Êtes-vous « crédible » ?
Je crois que c’est Voltaire qui disait : « Donnez-moi trois lignes de la main d’un homme et je le fais pendre. » Si l’on y met les moyens, on peut tout faire dire à un mot, à un message, à un détail… Personne n’est tout à fait innocent, notre passé nous accable, chacun traîne des casseroles qu’un bon enquêteur finira par débusquer.

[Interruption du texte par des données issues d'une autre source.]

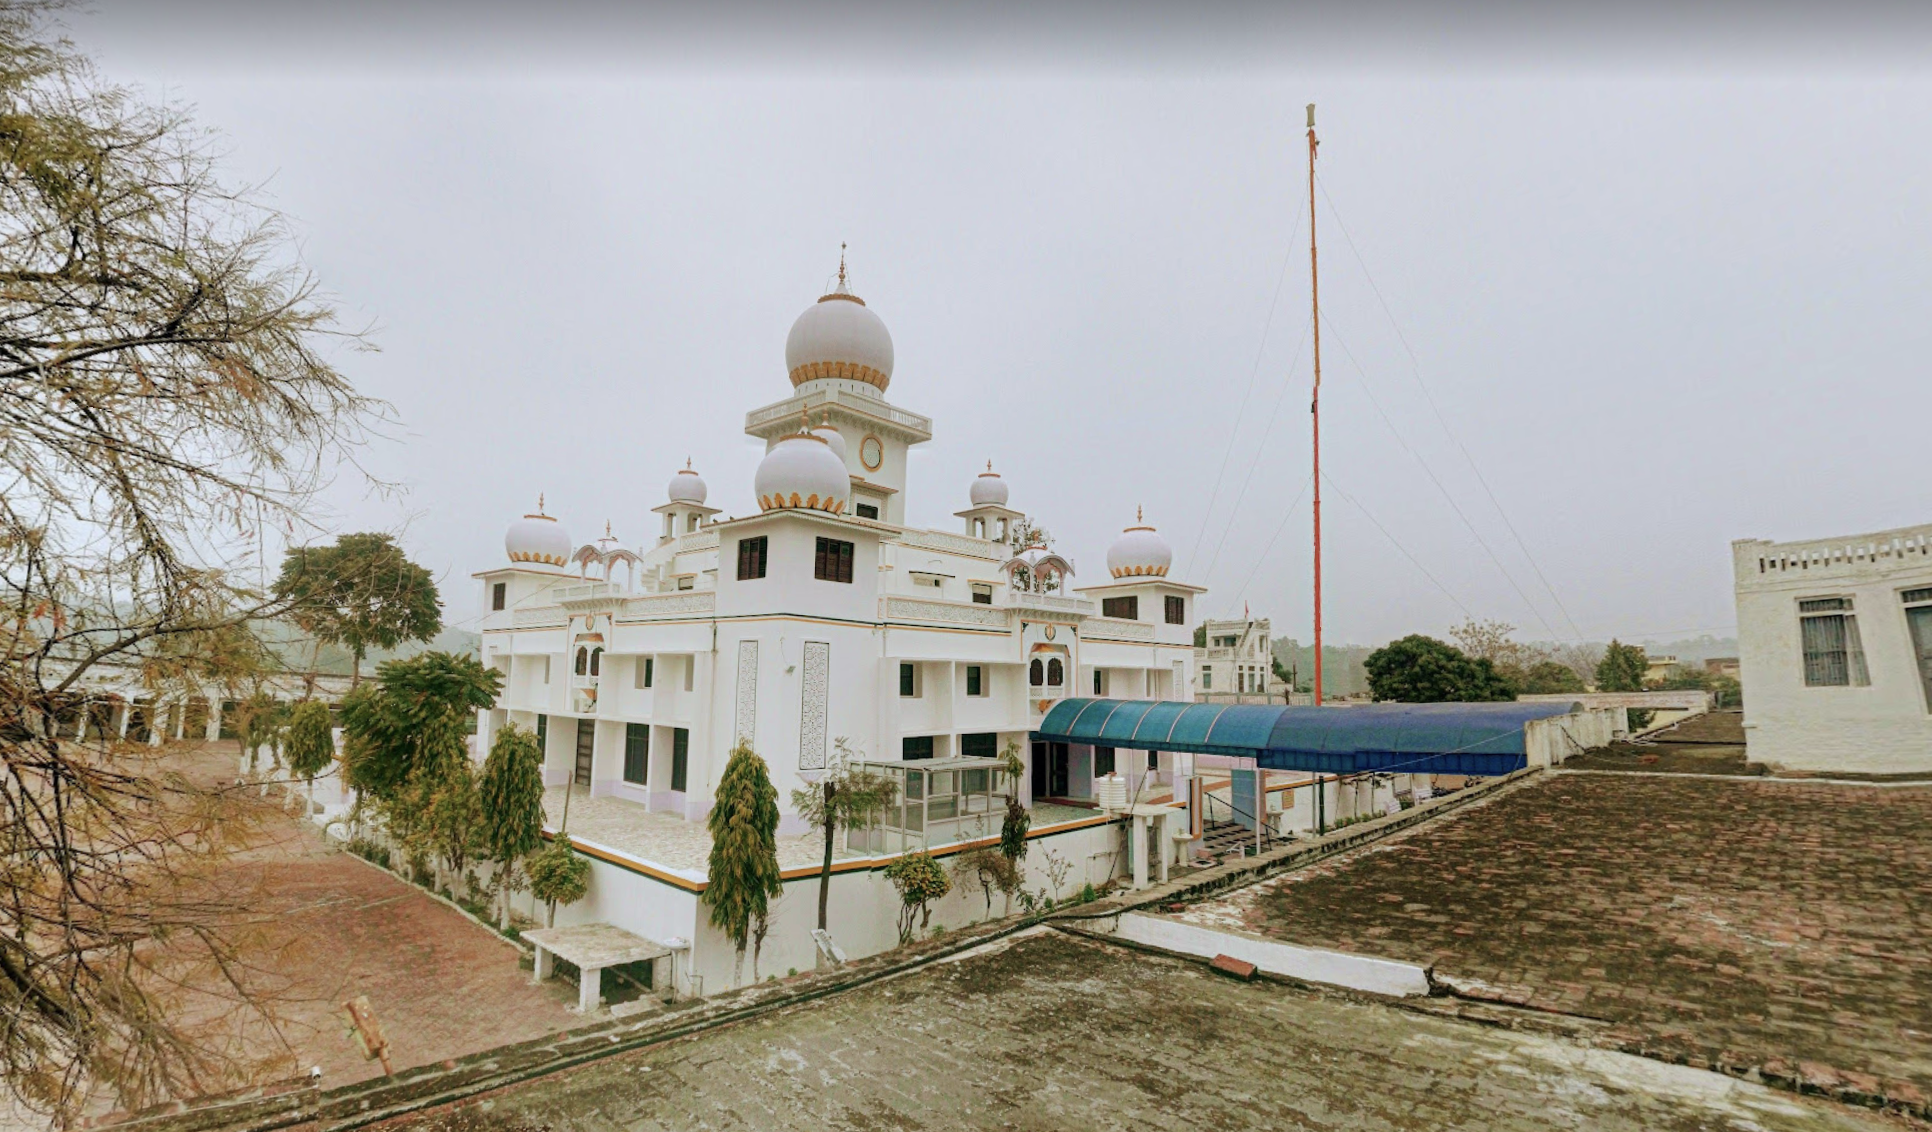 Gurudwara Sri Jhar Sahib – Chuharpur

C’est ce que fait redouter cette affaire DSKND – les initiales s’emmêlent aussi intimement que sur la moquette d’une chambre d’hôtel. Au début, on ne savait pas grand-chose de cette ND, sinon qu’elle était une employée modèle, « sans histoires ». Puis l’enquête s’est emballée et les « histoires » se sont mises à pleuvoir. L’employée modèle est devenue prostituée-menteuse-trafiquante de drogue. Si l’enquête continue, on finira par découvrir que c’est elle, cette maudite Nafissatou, qui a assassiné Kennedy en 1963, qui a endommagé la navette spatiale et déclenché la crise financière de 2008. Cela ferait un beau slogan ou une belle une de journal : « Nafissatou, coupable de tout ! »

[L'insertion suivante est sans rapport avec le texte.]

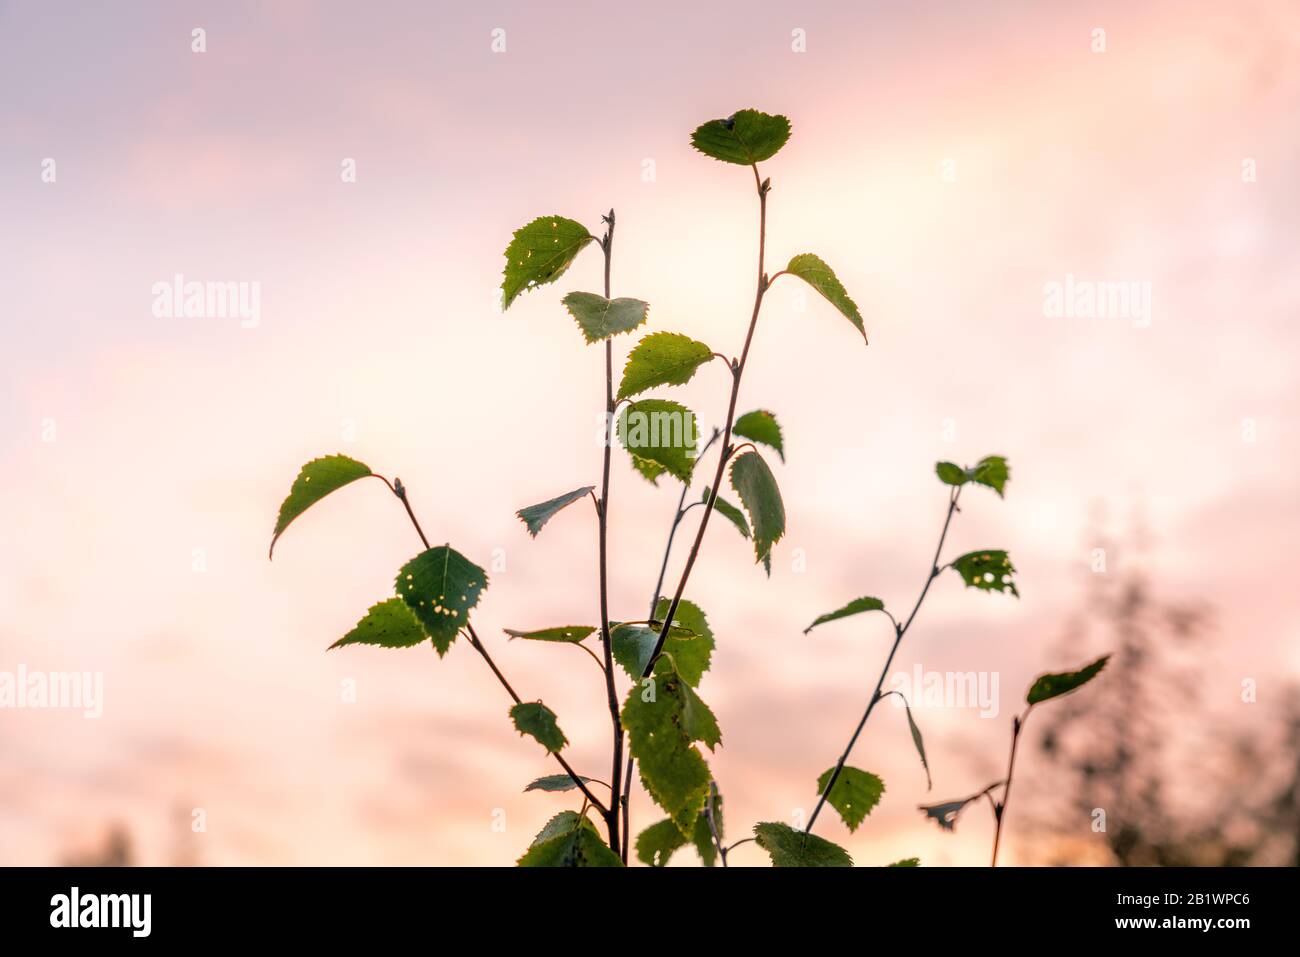 Solo ramo di giovane betulla con poche foglie verdi al tramonto sfuocato sci accanto ad esso. La luce del sole della rosa dà il senso di estate calma pacifica dell'autunno Foto Stock

Heureusement que nous ne sommes pas tous soumis à un examen aussi impitoyable de notre passé. La semaine dernière, après avoir fait mes courses et les avoir payées dans mon supermarché, je me suis rendu compte en sortant que je tenais à la main un petit sachet contenant trois nectarines, que j’avais oublié de présenter à la caisse et donc omis de payer. J’ai haussé les épaules et je suis rentré chez moi. Dans l’économie du cosmos infini, dans le grand plan divin, cet oubli n’a strictement aucune importance. Mais si, dans un mois ou dans un an, je me retrouvais face à des enquêteurs aussi opiniâtres que ceux d’outre-Atlantique, on peut être sûr que cet incident prendrait des proportions bibliques, que les caméras du supermarché montreraient un individu louche – moi – s’esquivant comme un rat visqueux du noble temple de la consommation, que je serais estampillé malfrat. Et surtout, horreur suprême, je ne serais plus « crédible ». Si un type m’assommait ou me cambriolait, mon témoignage n’aurait aucune valeur car l’avocat du type tonnerait : pas crédible, le monsieur, il a volé trois nectarines, il y a dix ans ! Et la presse américaine, puritaine jusqu’au trognon, d’opiner gravement. Le nectarine-thief, ce naufrageur de la civilisation occidentale, ne mérite pas qu’on l’écoute !
Alors, que faire ? Il me semble qu’on devrait inventer une sorte d’appareil plein de biiip et de tuuuuut, un appareil qui servirait à abolir le passé à date fixe, par exemple tous les 31 décembre. À chaque début d’année, nous serions tous aussi crédibles que l’agneau qui vient de naître. On appellerait cet appareil le « crédibilator » – je cours déposer le nom. C’est à ce prix qu’une immigrée africaine pourrait avoir le même poids qu’un éléphant du PS.